Simvastatin belongs to the class of drugs called lipid-lowering agents and statins. Simvastatin is used to lower cholesterol levels in the blood. Too high cholesterol levels (mainly LDL cholesterol) can lead to atherosclerotic diseases such as coronary heart disease or myocardial infarctions.

Simvastatin requires a prescription and is administered in tablet form.



The effect of simvastatin results from inhibition of the enzyme HMG-CoA reductase. This enzyme is significantly involved in the synthesis of cholesterol in the liver. The inhibition therefore results in an overall lower cholesterol level in the blood. Indirectly, the reduced synthesis also increases the number of receptors for LDL cholesterol in the body's cells, as a result of which LDL cholesterol in particular is more readily absorbed from the blood into the cells.
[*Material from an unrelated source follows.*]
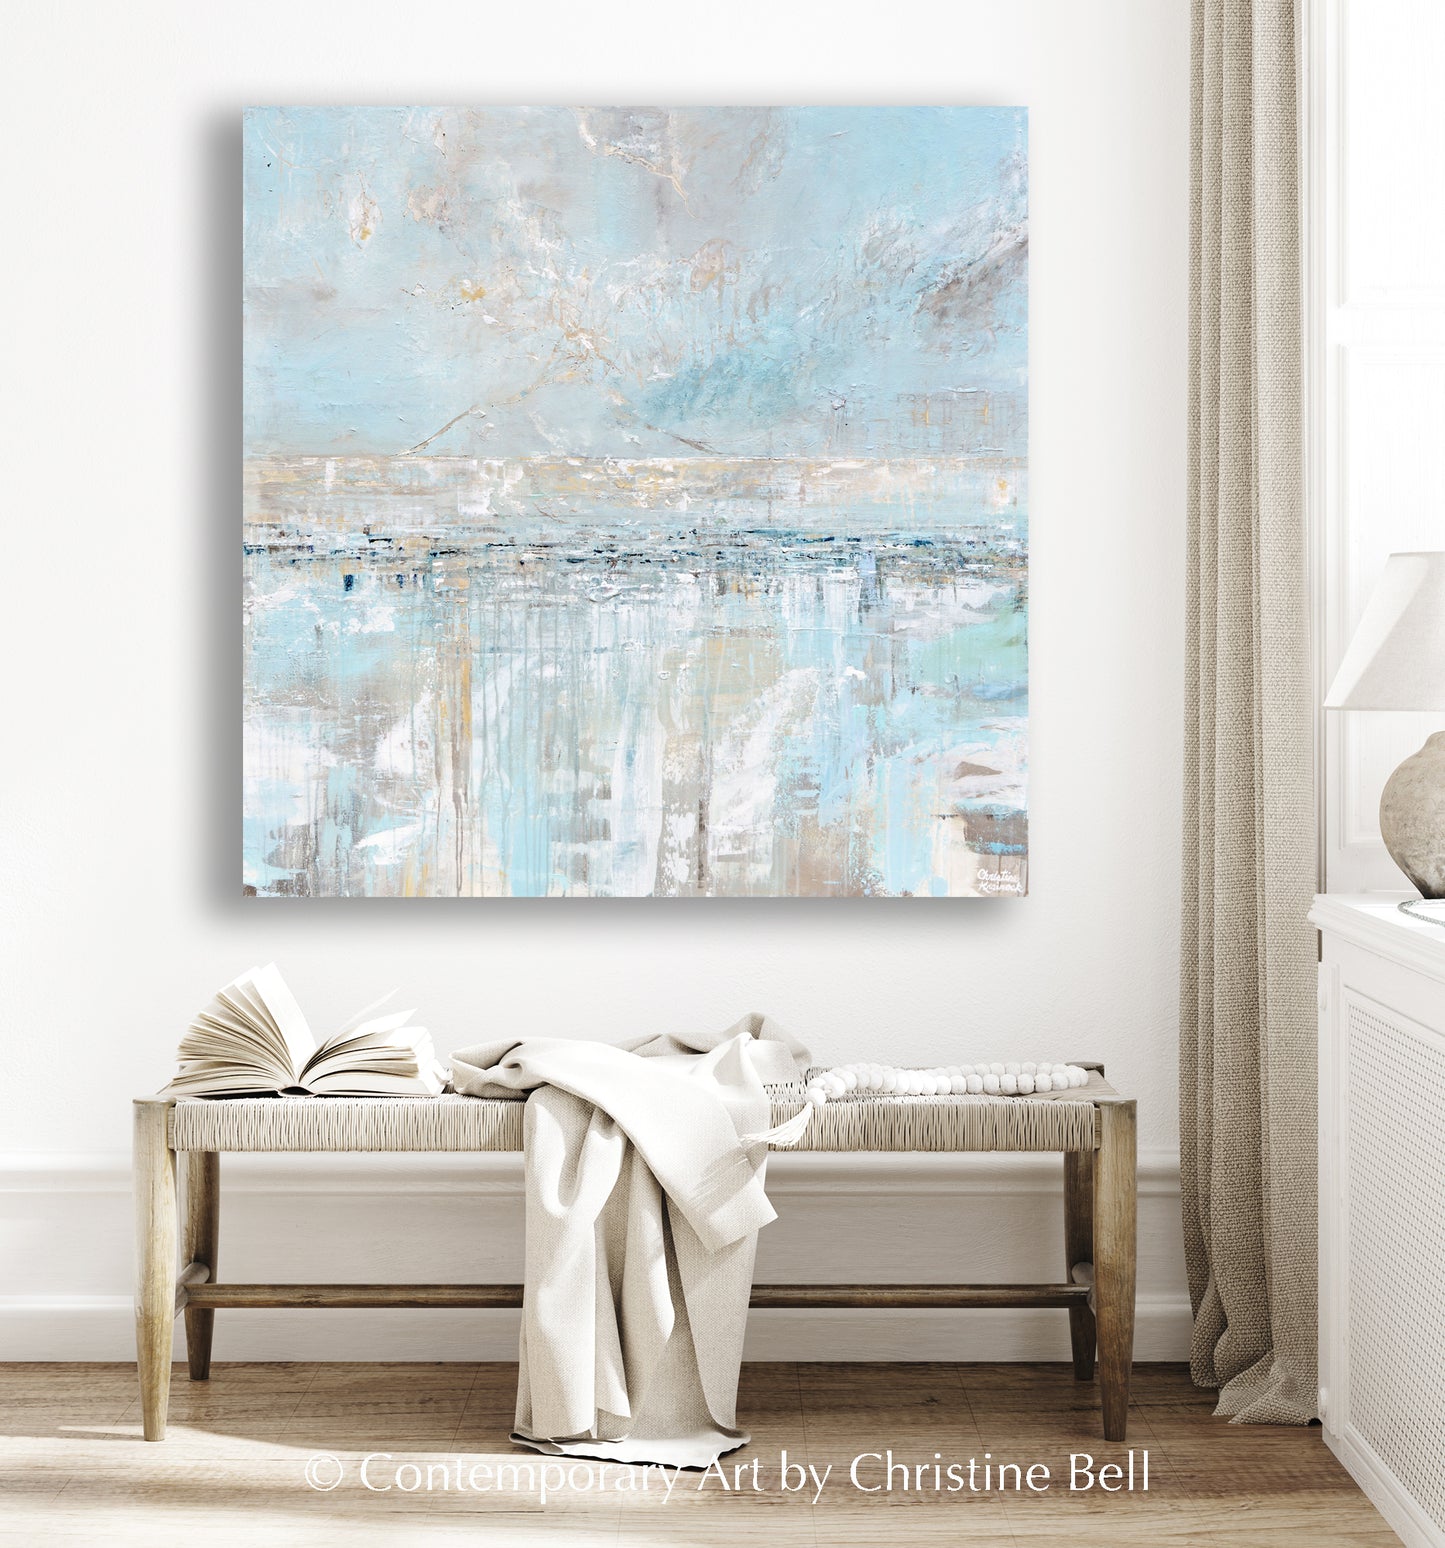 Trending Modern Coastal Abstract Paintings Prints Canvas Prints Wall Art beach home decor for Interior Design by Artist, Christine Bell

The oral bioavailability of simvastatin is only about 5%. However, this value is irrelevant in the case of simvastatin, since the drug's site of action is the liver. Thus, 100% of the given dose reaches the desired target. The highest plasma concentration is reached after about 1.5-2.5 hours. Approximately 95% of the substance is bound in the blood. The majority of the substance is broken down in the liver via the CYP3A4 and CYP3A5 enzymes and excreted in the urine (40%) and stool (60%). The elimination half-life is approximately 4 hours.

Drug interactions

All drugs interacting with CYP3A4 may lead to increased plasma levels of simvastatin, resulting in serious side effects.


Side effects

Typical side effects include:

  • Upper abdominal discomfort
  • transaminase increase (liver enzymes)
  • myopathies (muscle damage)

These side effects occur rarely and are most common when there is an overdose or interaction with other drugs.

Toxicological data

LD50 (rat, oral): 4438 mg-kg-1

Chemical & physical properties

ATC Code C10AA01
Formula C25H38O5
Molar Mass (g·mol−1) 418,57
Physical State solid
Melting Point (°C) 127–132
CAS Number 79902-63-9
PUB Number 54454
Drugbank ID DB00641

Editorial principles

All information used for the content comes from verified sources (recognised institutions, experts, studies by renowned universities). We attach great importance to the qualification of the authors and the scientific background of the information. Thus, we ensure that our research is based on scientific findings.
Markus Falkenstätter, BSc

Markus Falkenstätter, BSc

Markus Falkenstätter is a writer on pharmaceutical topics in Medikamio's medical editorial team. He is in the last semester of his pharmacy studies at the University of Vienna and loves scientific work in the field of natural sciences.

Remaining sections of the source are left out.